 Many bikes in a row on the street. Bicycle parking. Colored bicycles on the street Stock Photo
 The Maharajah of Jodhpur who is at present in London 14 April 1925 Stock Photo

##############################

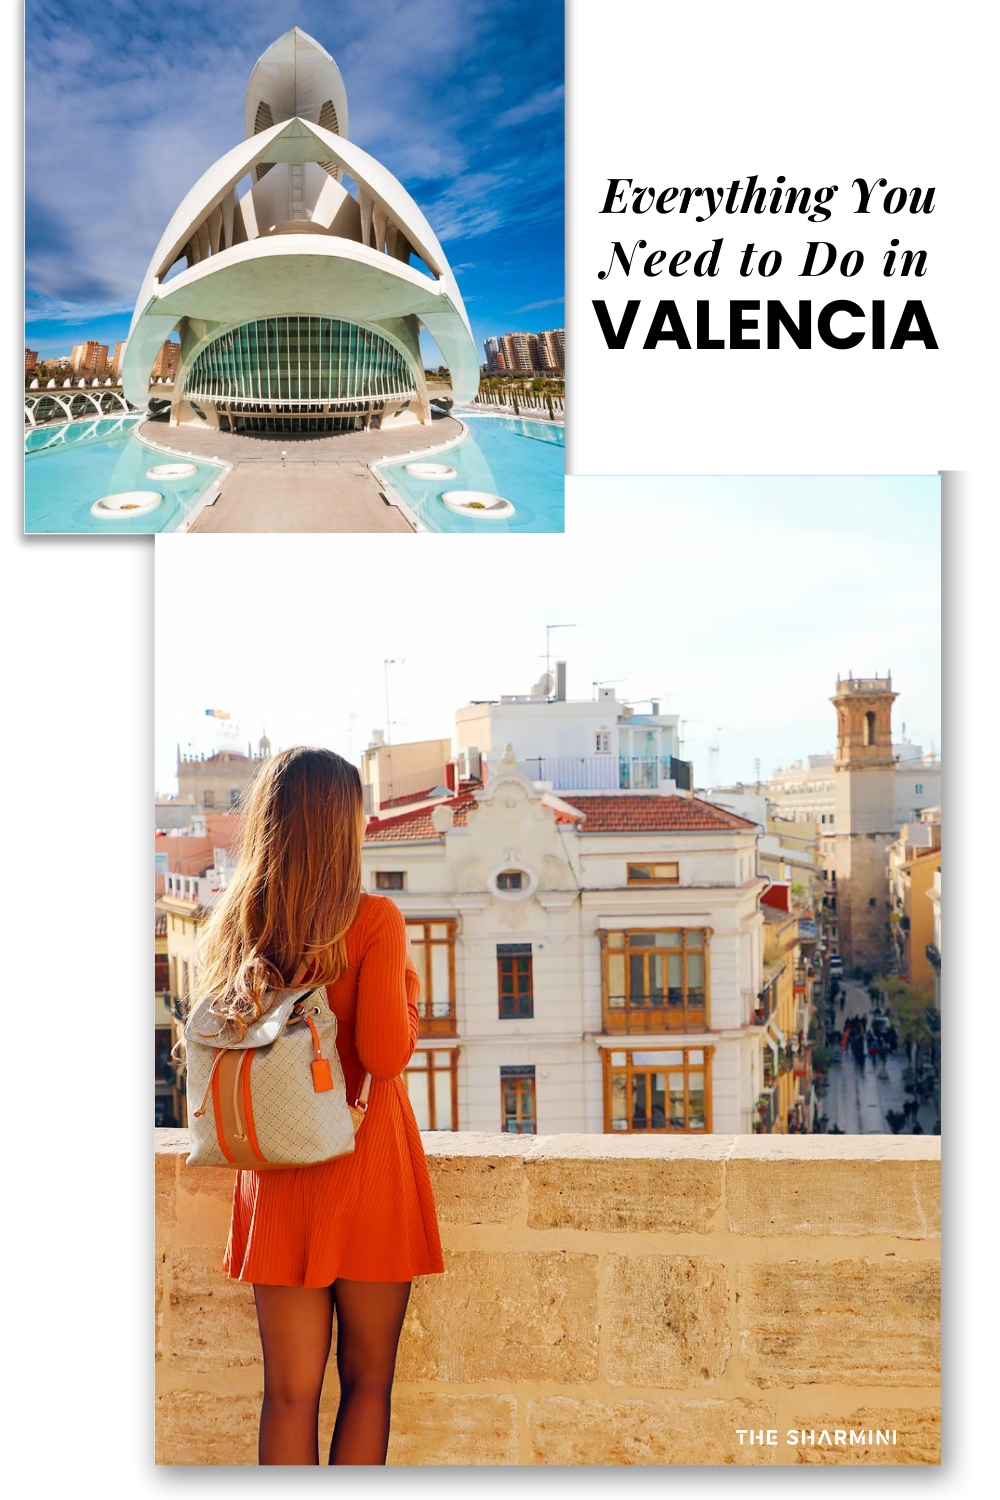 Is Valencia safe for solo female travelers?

##############################

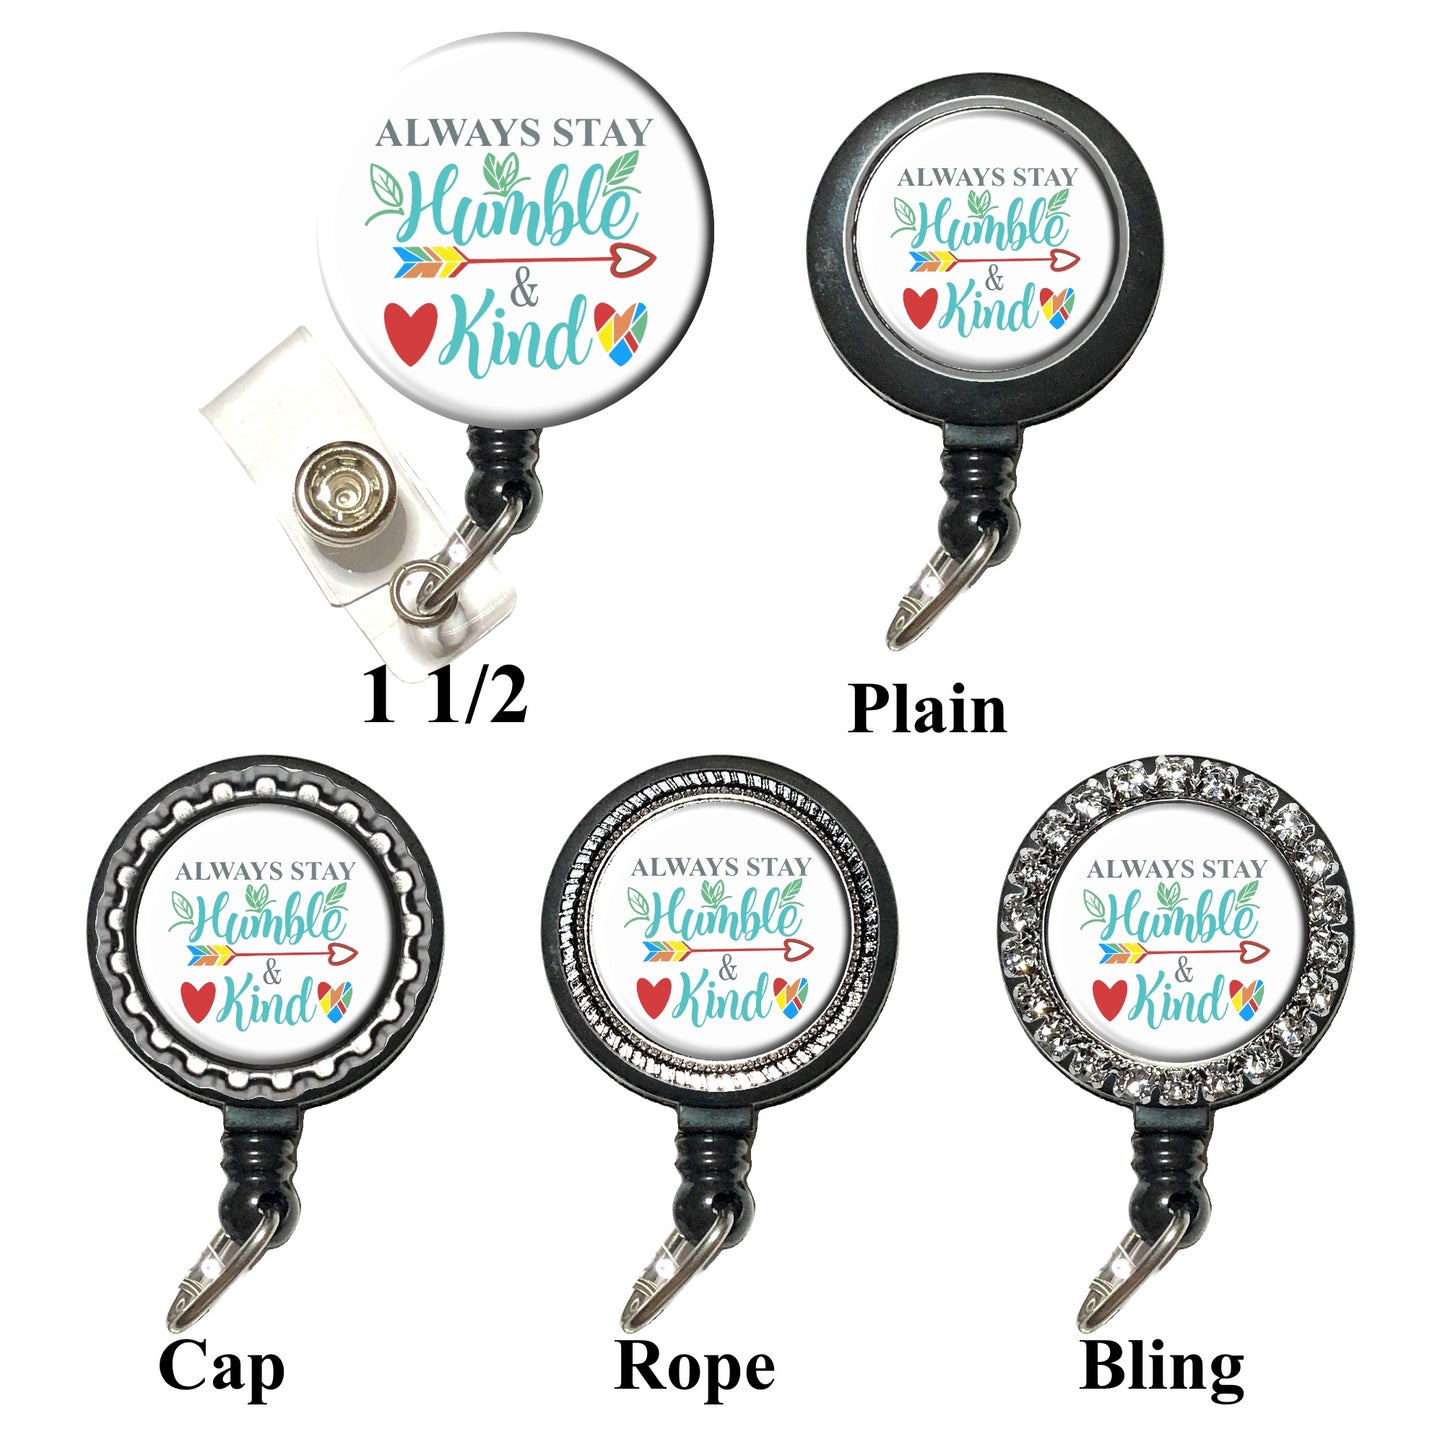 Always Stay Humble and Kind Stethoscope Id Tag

##############################

* PROBLEM:
Of all the entries above, repeat only the lines from the line that has "Many bikes in" to the line that has "The Maharajah of", both lines included, exactly.

* SOLUTION FOR THIS PROBLEM:
 Many bikes in a row on the street. Bicycle parking. Colored bicycles on the street Stock Photo
 The Maharajah of Jodhpur who is at present in London 14 April 1925 Stock Photo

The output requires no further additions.